NECB 2011: A Cost Perspective

The Province of Alberta will adopt the National Energy Code of Canada for Buildings (NECB-2011) on November 01, 2015, making the code the driver of building design and construction. Compliance will be achieved through three paths: the Prescriptive Path; the Trade-off Path; and, the Performance Path. The code sets high energy efficiency targets, a move that is great for sustainability. Besides, code enforcement and energy modelling career opportunities will increase.

The NECB-2011 focuses on energy. It does not address any potential increases in direct and collateral costs. This is understandable because factors that determine costs are complex and unpredictable and differ by compliance path, building design, and geographic region. Energy savings need to be incorporated into total project costs to form a clear picture of their true value and inform investment decisions.

The Prescriptive Path establishes the minimum requirements for primary building components: thermal transmittances of opaque envelope and fenestration; fenestration-to-wall area ratio; equipment energy efficiencies; and, lighting power densities. The requirements of the NECB for most, if not all, geographic regions are more stringent than in previous building codes. Direct cost increases will come from thicker or higher-quality insulation, better fenestration, more efficient HVAC equipment, and better lighting fixtures. Collateral cost increases will stem mainly from the building envelope. Insulation requirements will influence above-grade and below-grade wall thicknesses and the quantity of framing material. The design of load-bearing components may depart from convention, with increases or, unlikely, decreases in cost.
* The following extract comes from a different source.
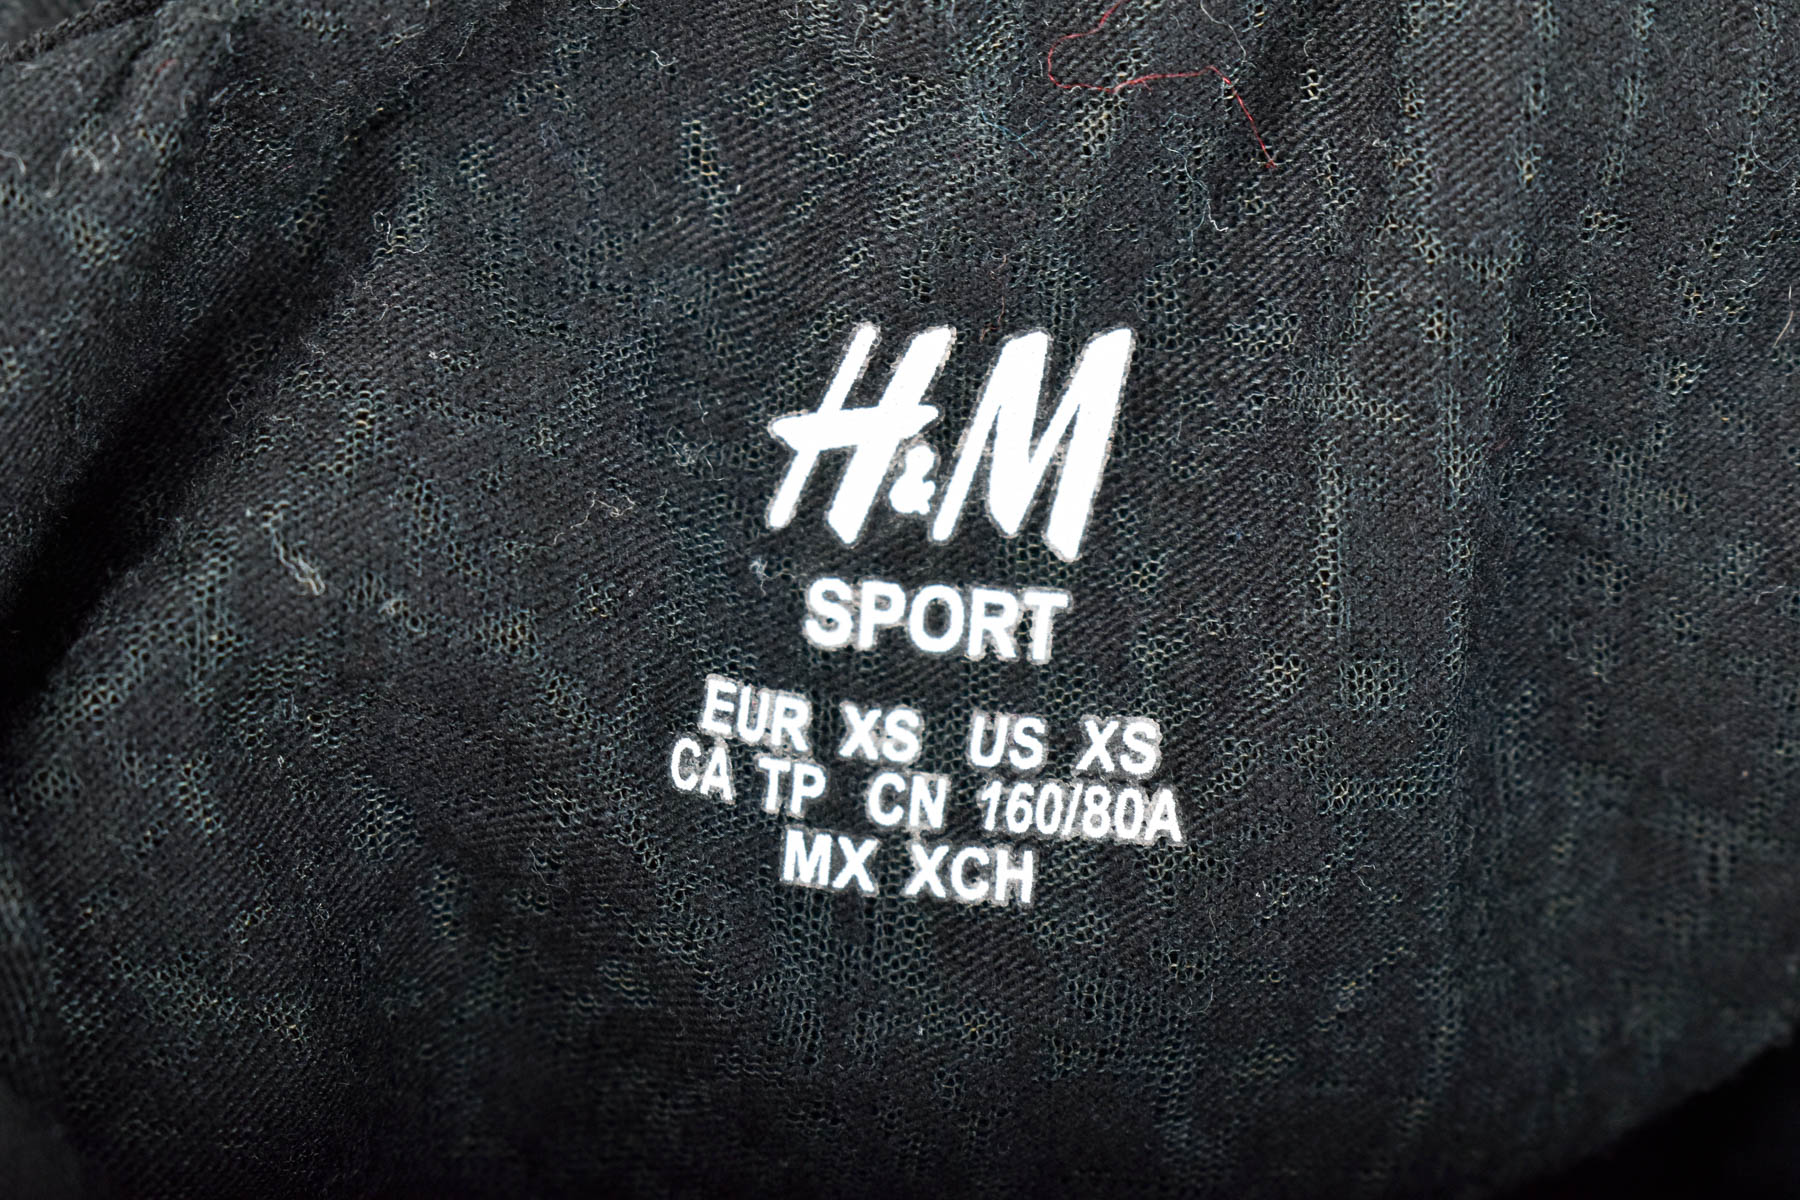 Women's t-shirt - H&M Sport - 2

The second path offers two compliance options: the Simple and the Detailed Trade-off procedures. In both options, the limitations stated in the code render some buildings ineligible. The two options allow for component-by-component variations from the prescriptive requirements if it can be shown that the energy consumed by each component is less or equal to the prescriptive case. For eligible buildings, it may still be difficult to apply the trade-off paths due to lack of data that are needed to perform analyses that inform definitive investment decisions at the early stages of a project. Where the trade-off paths are applicable, it will pay to perform a cost analysis to justify any departures from the prescriptive case.
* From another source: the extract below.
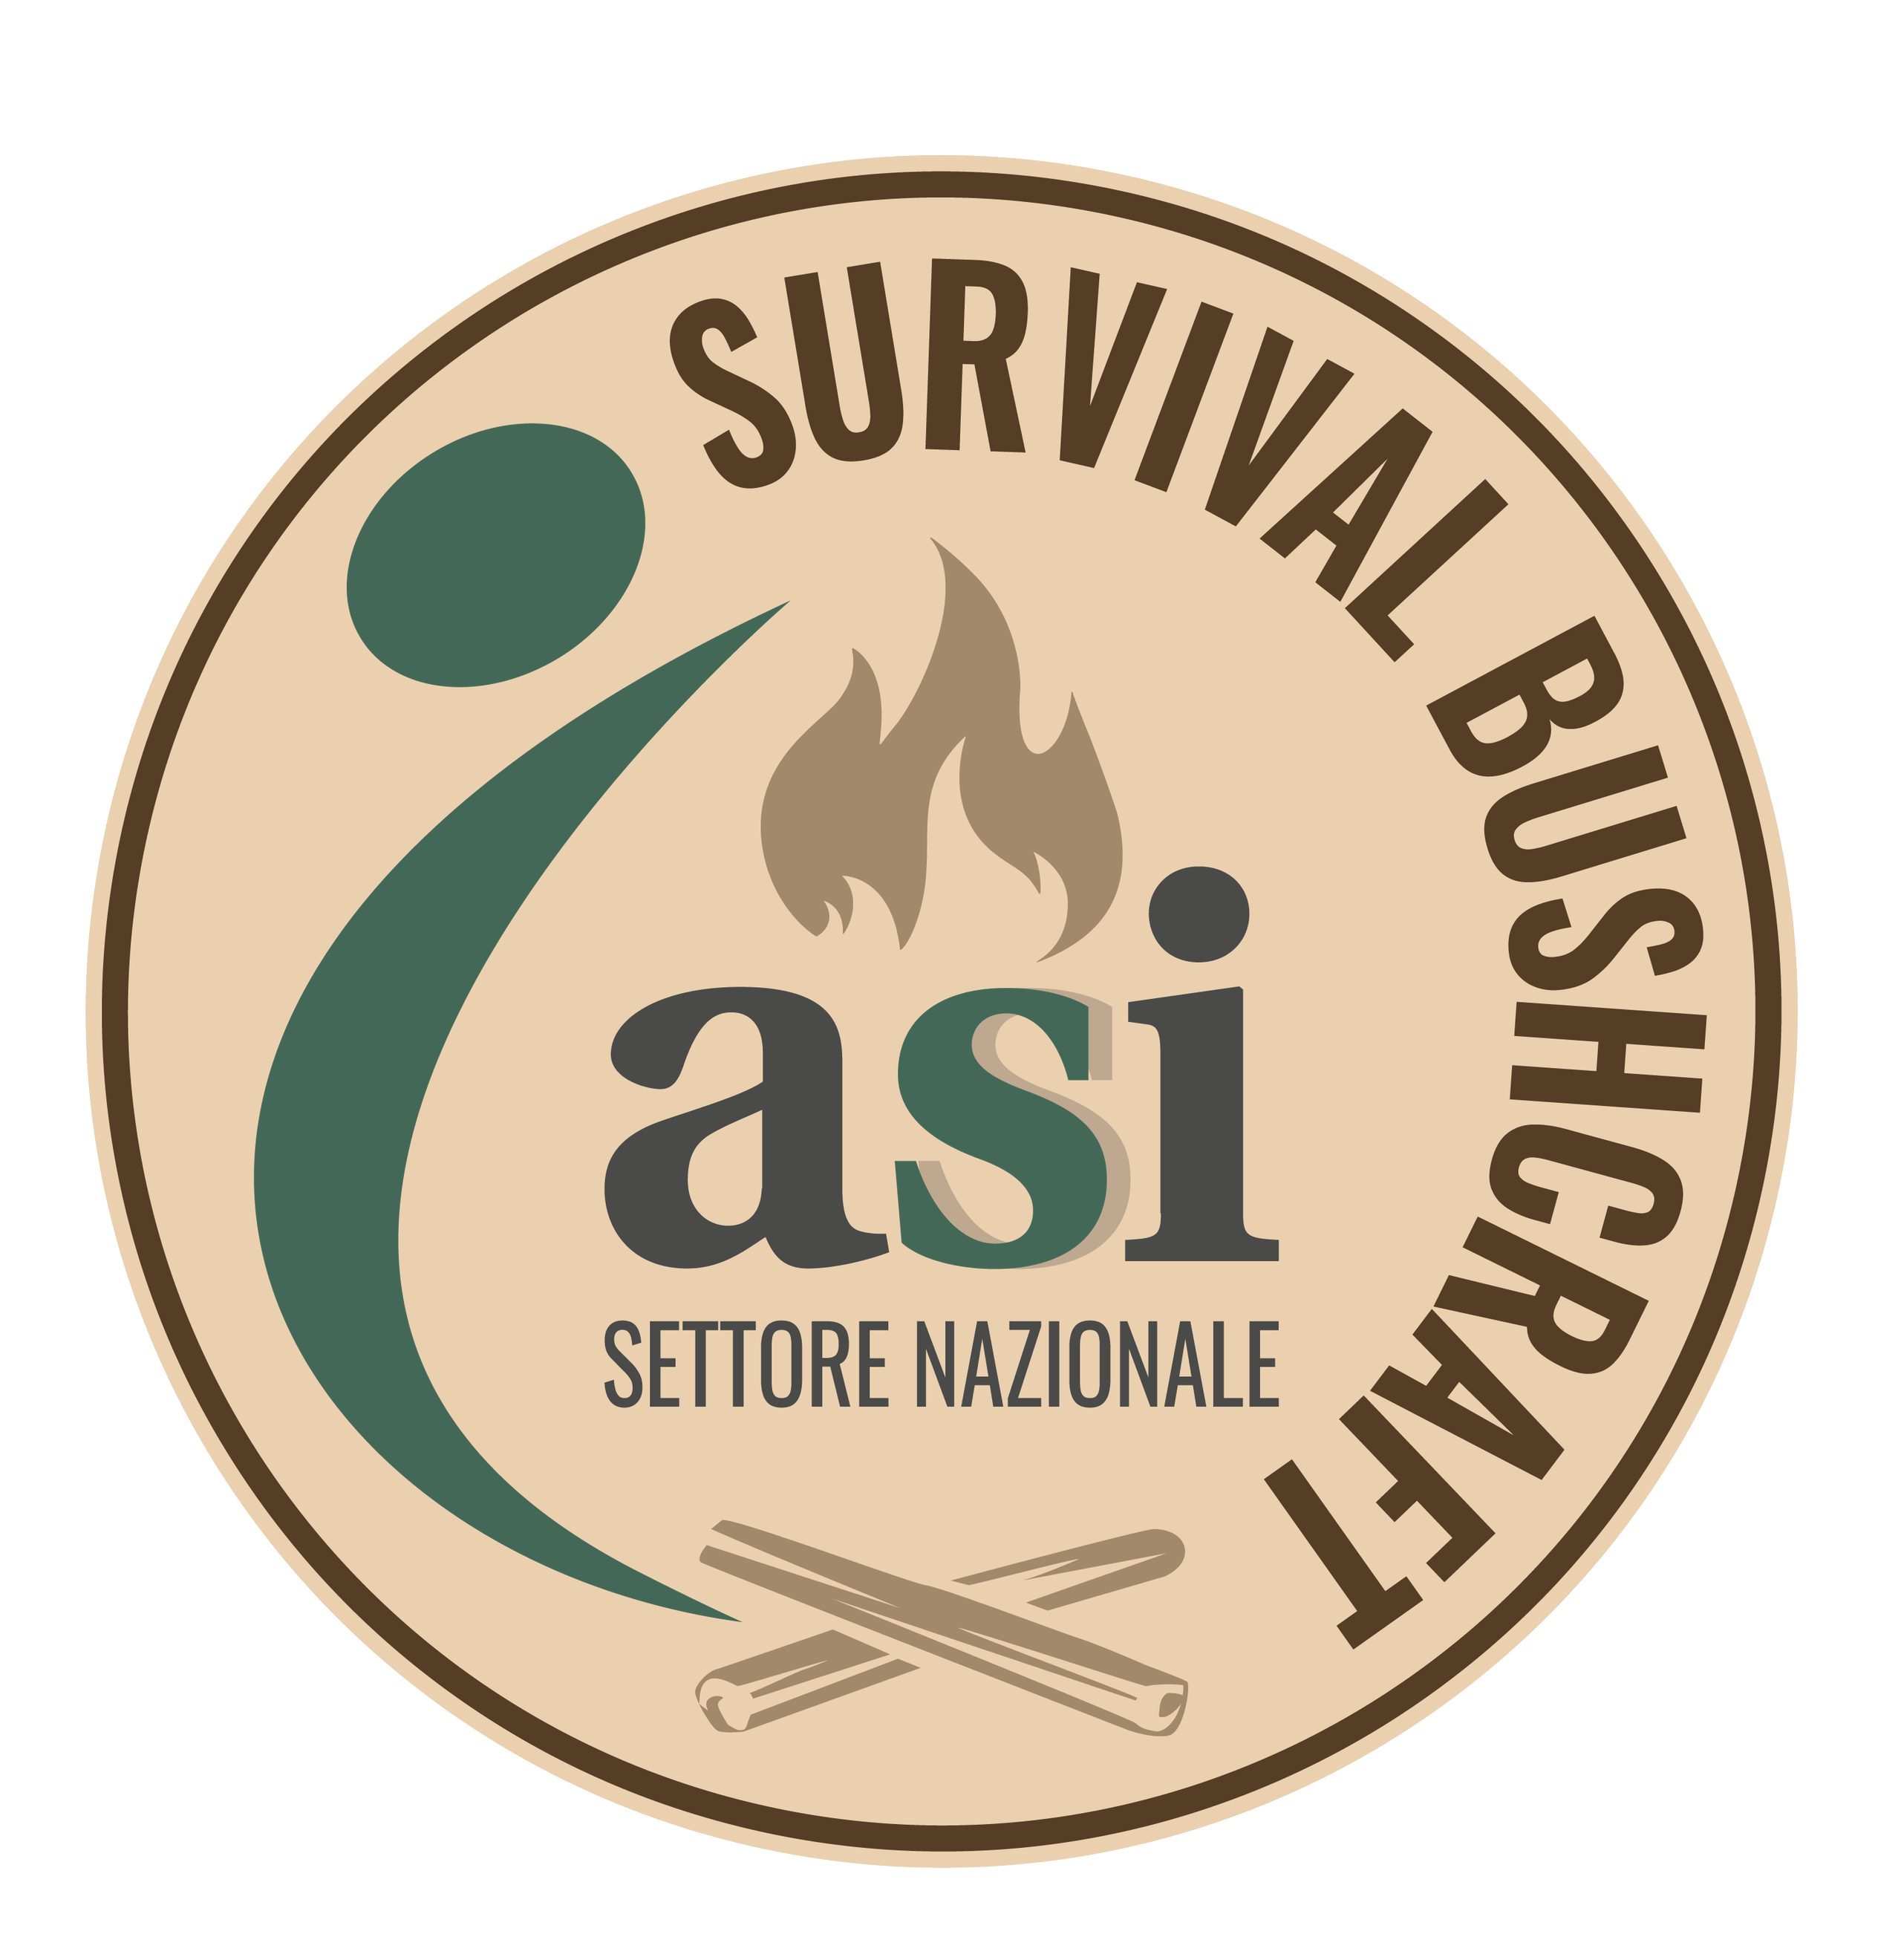 Asi Survival Bushcraft Settore Nazionale

The Performance Path is the most flexible one and allows the use of different iterations of the building components to demonstrate a whole building energy consumption that must be less than, or equal to, the energy that would be consumed by a reference building designed and constructed to the prescriptive requirements. Whole-building computer energy simulation is mandatory in this case. This approach can be used to optimize both energy consumption and total costs. Cost increases due to the envelope can be minimized by finding the onset of diminishing returns, beyond which point it does not pay to increase the insulation levels because subsequent additions yield progressively insignificant energy savings. In “deep” buildings in a Prairie climate, this phenomenon may occur well below the code’s prescribed resistance-value (R-value) for the opaque envelope. The onset of diminishing returns depends on a facility’s energy profile, which is unique to each design and the climate. A “deep” building is defined here as one whose envelope has relatively little influence on the energy profile, like commercial and institutional buildings with low skin-to-floor area ratios, but with large internal heat load densities. Once the onset of diminishing returns for the envelope is identified, the focus for energy improvements shifts to mechanical and electrical systems.

Thousands, even millions, of dollars may be saved over the life of a facility if the Performance Path is combined with Value Engineering/Analysis or Life Cycle Cost Analysis to provide insight into, and optimize, the total project costs. Most green technologies are new and relatively expensive, making a detailed cost analysis essential where they are involved and, especially, when utility costs are low. In such situations, a simple payback period, based only on the initial capital costs and the projected energy savings, will not suffice. When all is said and done, a serving of green technology is more palatable if it is accompanied by a favorable discounted return-on-investment. Building developers, design-built contractors, and other investors will need the services of both energy modellers and construction cost consultants.